*What the task asks*
Line by line, return the listing exactly, without any of the images.

*Collected data*

|---|

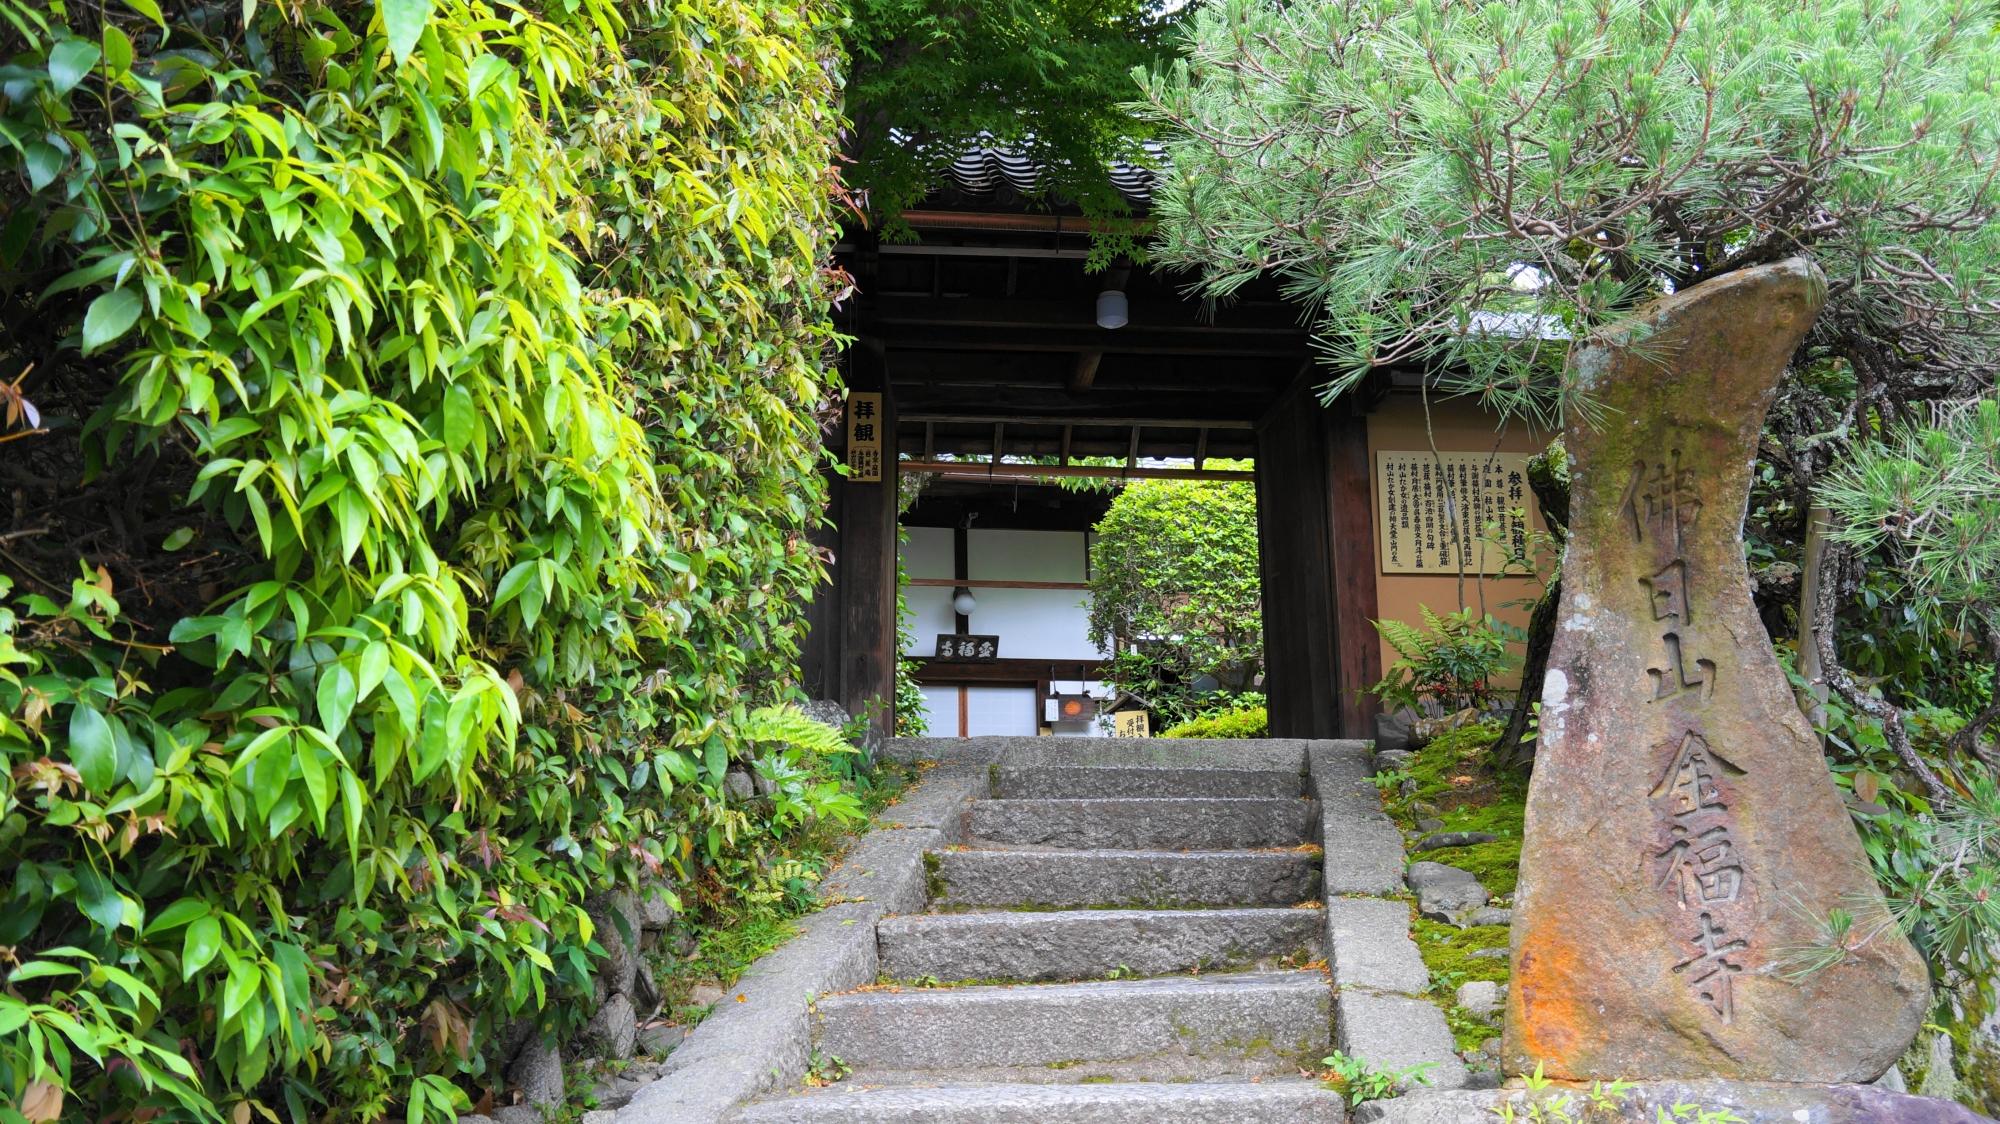 風情ある石段の上にある金福寺の山門
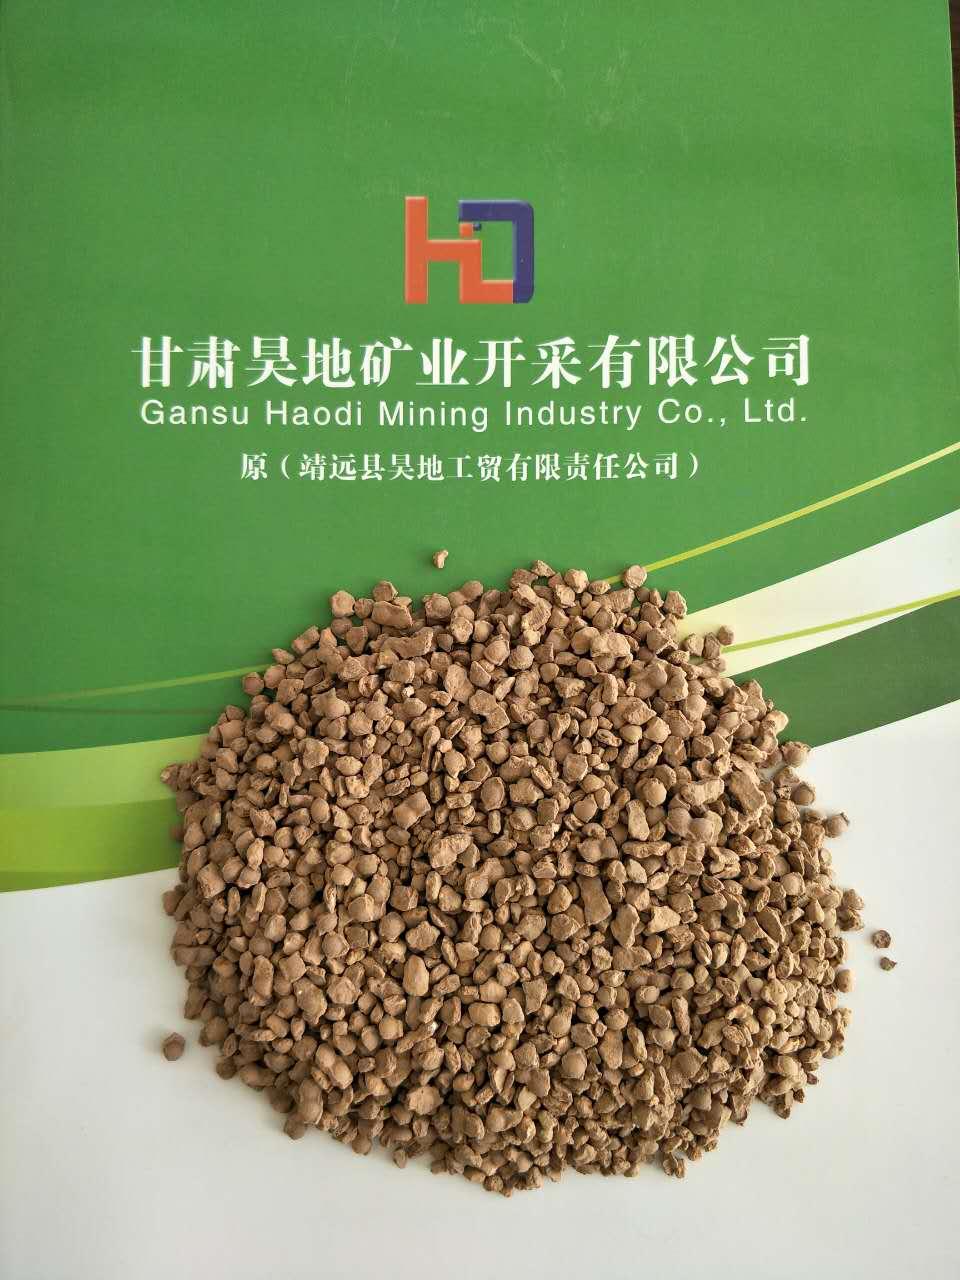 凹凸棒石-饲料原料,农药化肥等农业原料,吸附污水处理等环保原料
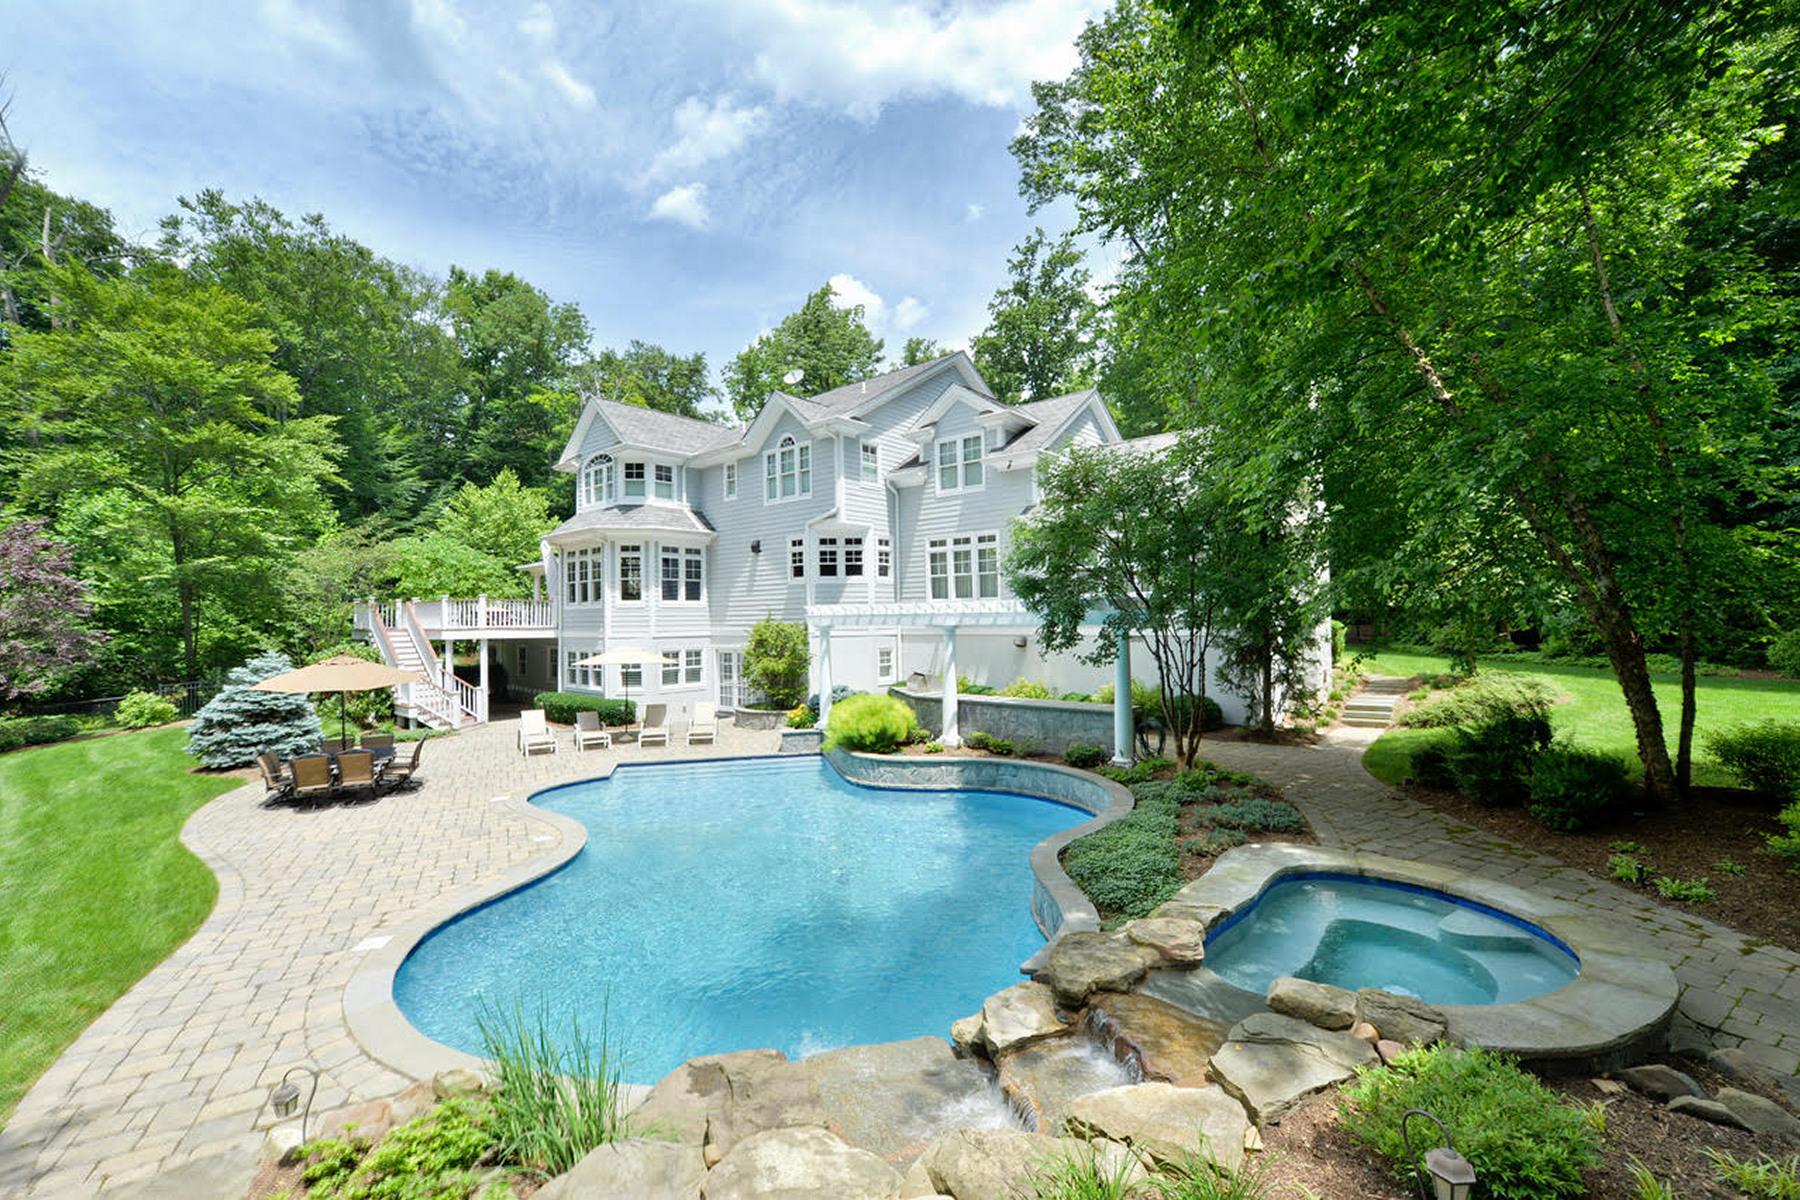 Casa Unifamiliar por un Venta en Sophisticated Country 13 Glenwood Drive, Saddle River, Nueva Jersey, 07458 Estados Unidos

|---|

*Answer box*
 風情ある石段の上にある金福寺の山門
 凹凸棒石-饲料原料,农药化肥等农业原料,吸附污水处理等环保原料
 Casa Unifamiliar por un Venta en Sophisticated Country 13 Glenwood Drive, Saddle River, Nueva Jersey, 07458 Estados Unidos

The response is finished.